▸ Source material:
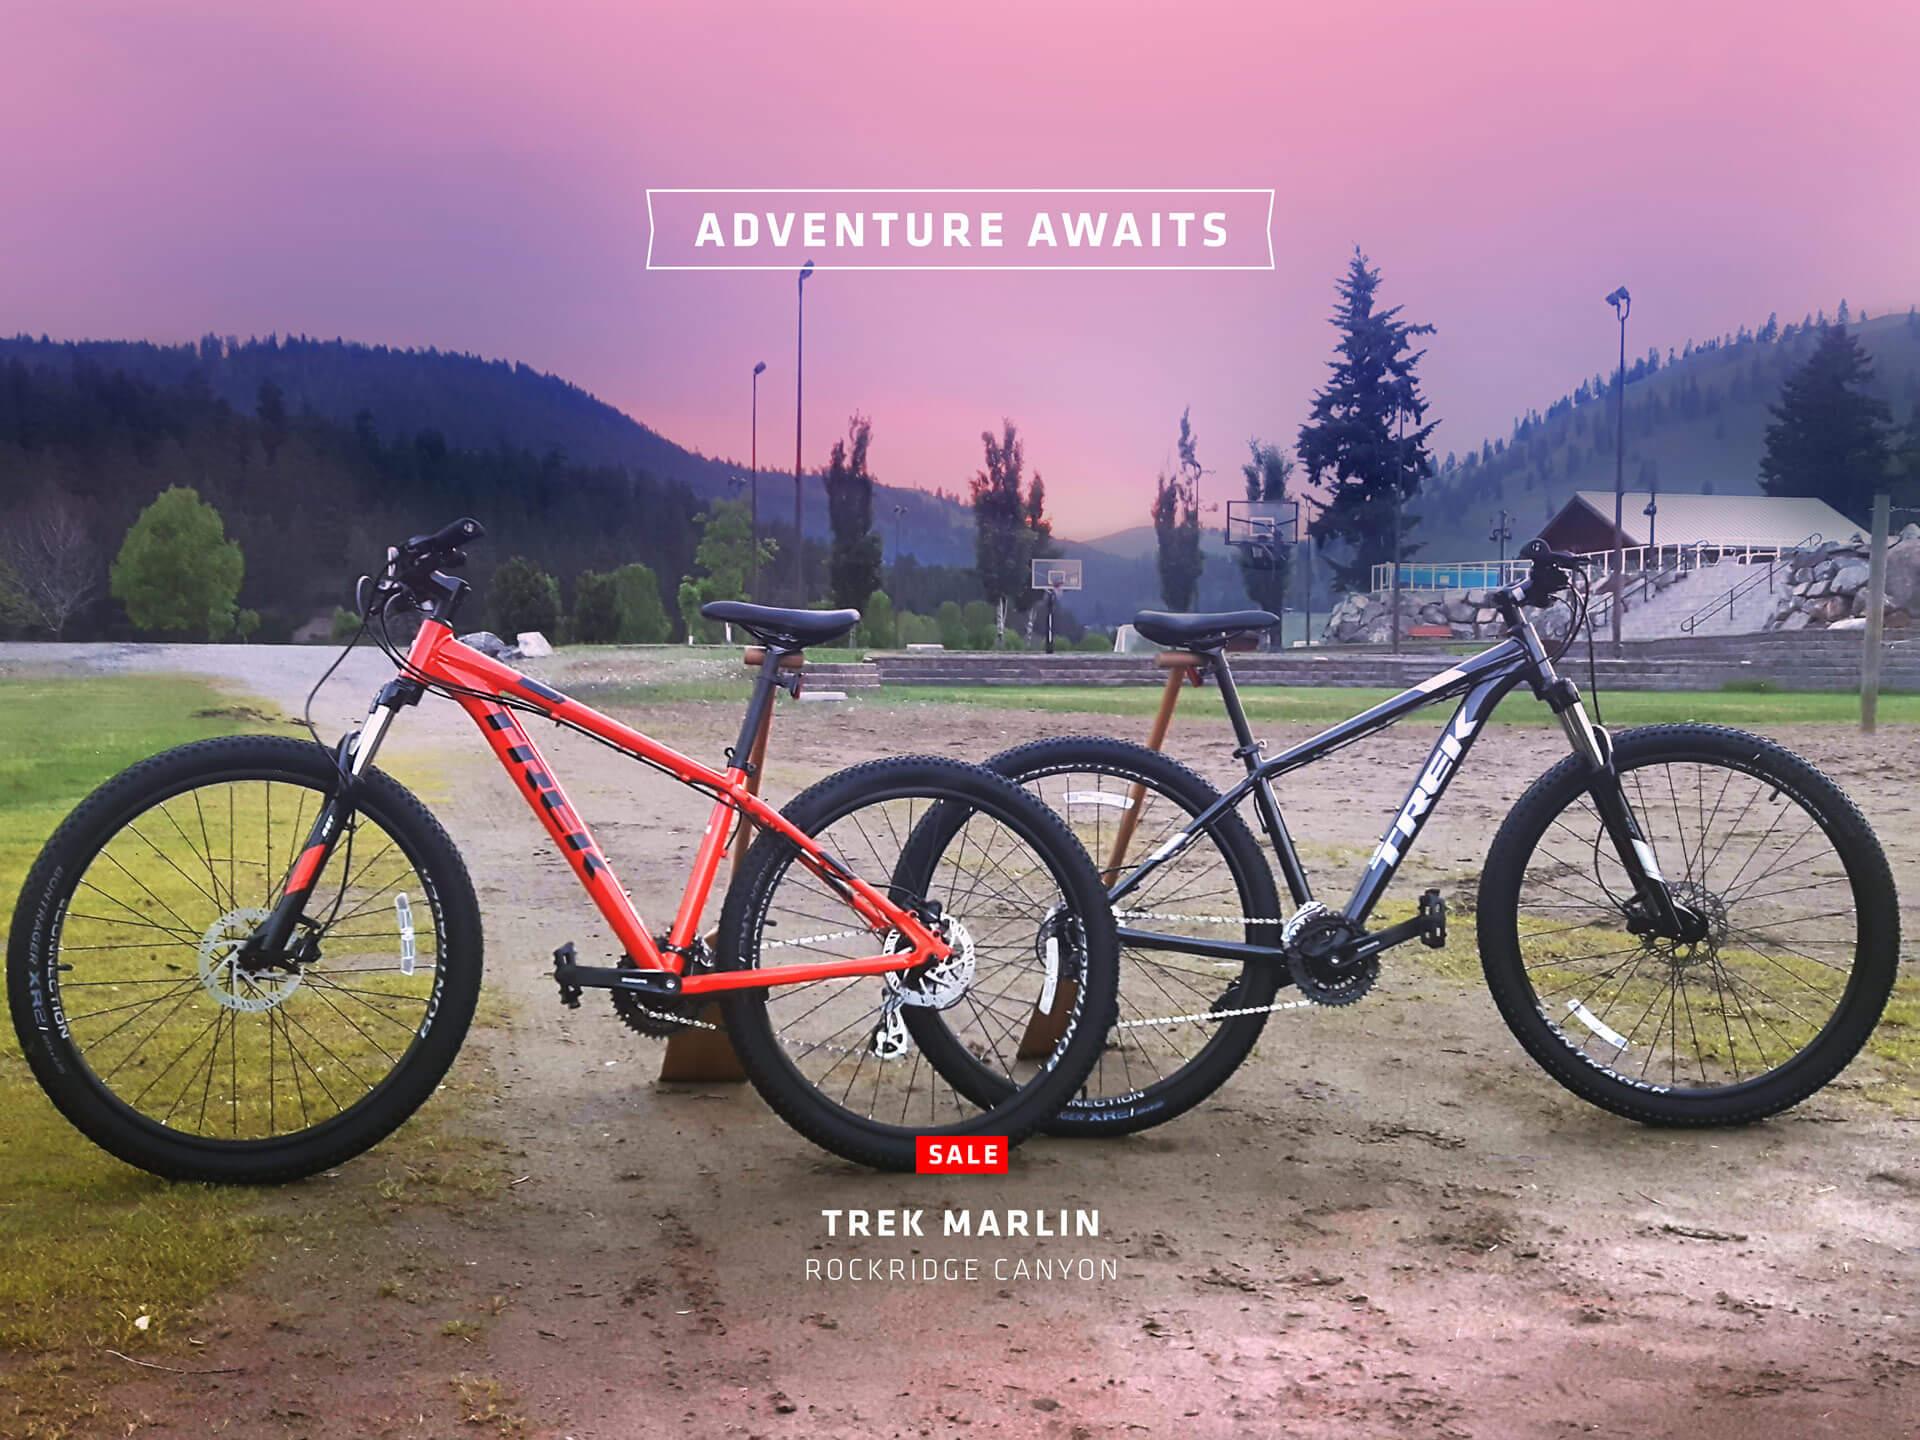 Mountain Bikes at RockRidge Canyon Retreat Centre
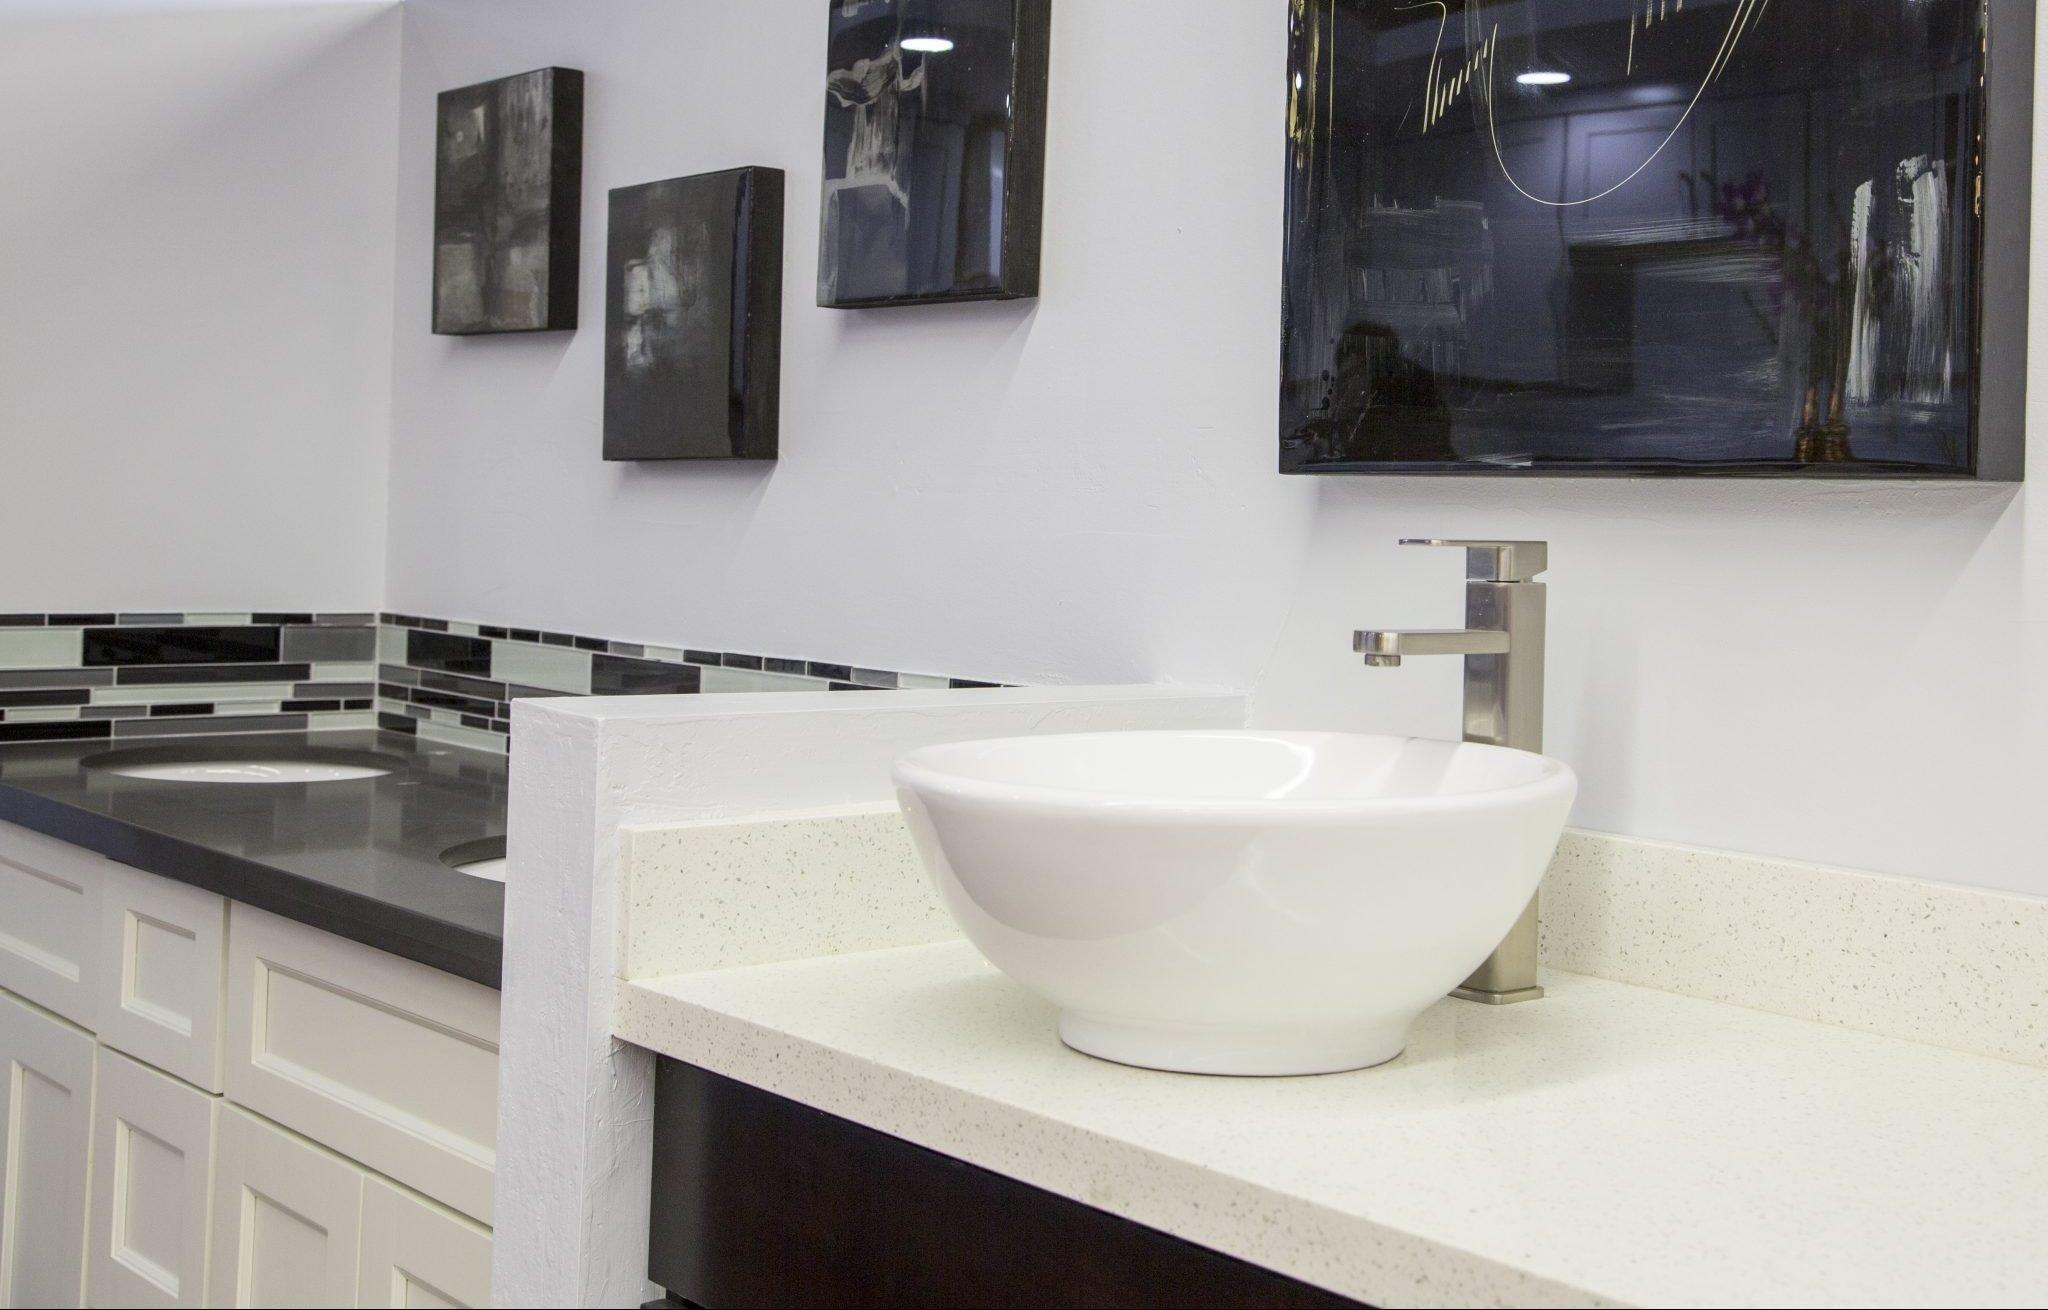 Various Bathroom Sink Styles Please Visit Our Showroom Abs Cabinets Counters Seattle Bellevue Lynnwood
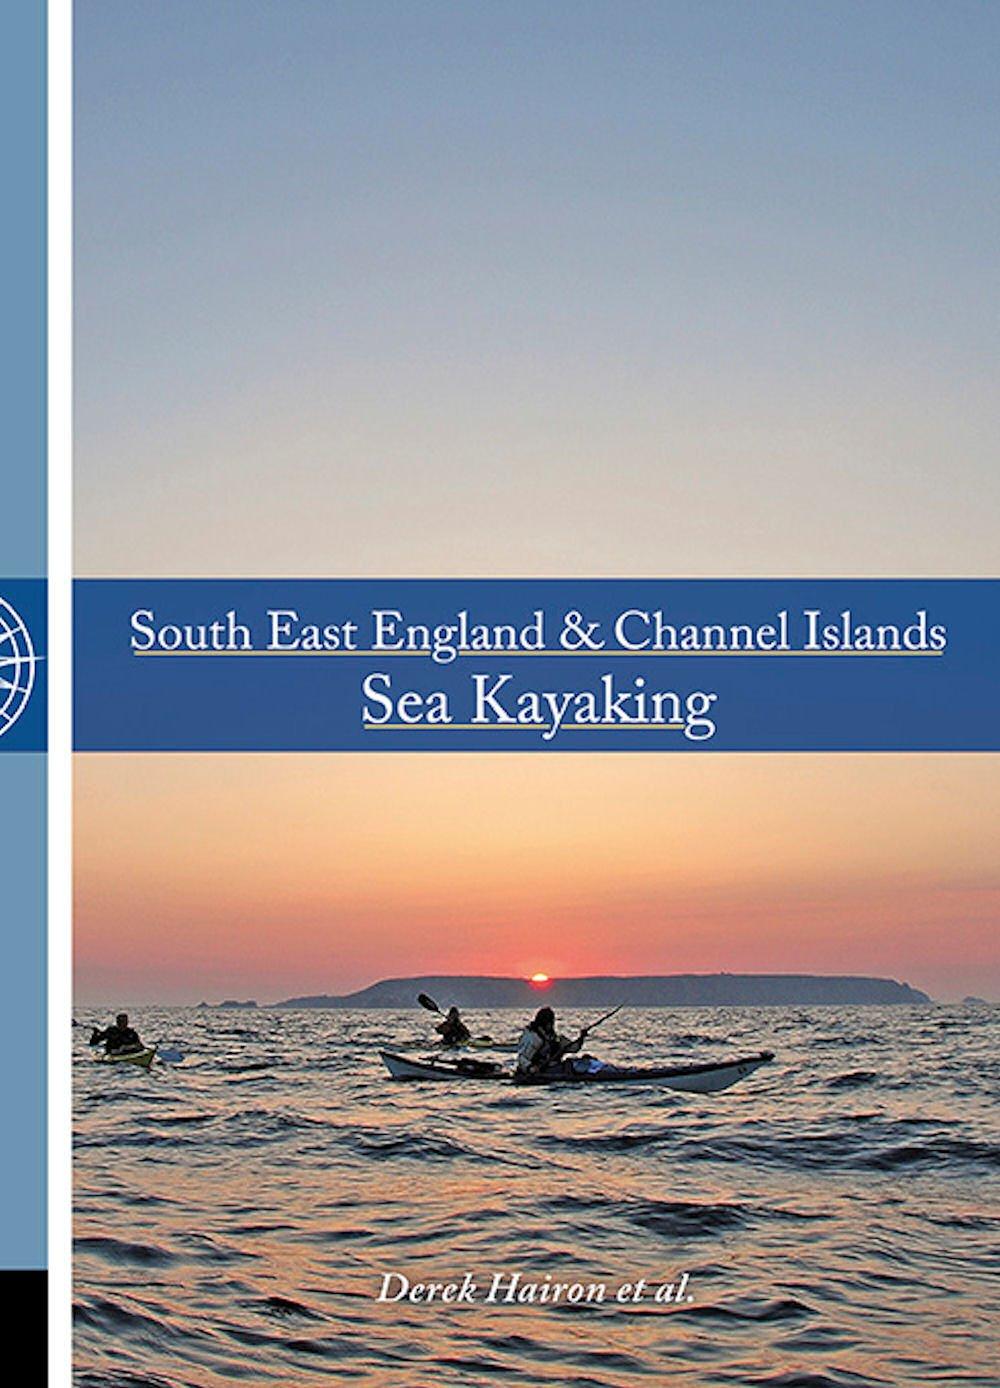 South East England & Channel Islands Sea Kayaking

▸ Exercise:
Are you able to set down all the lines above exactly, without any pictures?

▸ Response for this exercise:
 Mountain Bikes at RockRidge Canyon Retreat Centre
 Various Bathroom Sink Styles Please Visit Our Showroom Abs Cabinets Counters Seattle Bellevue Lynnwood
 South East England & Channel Islands Sea Kayaking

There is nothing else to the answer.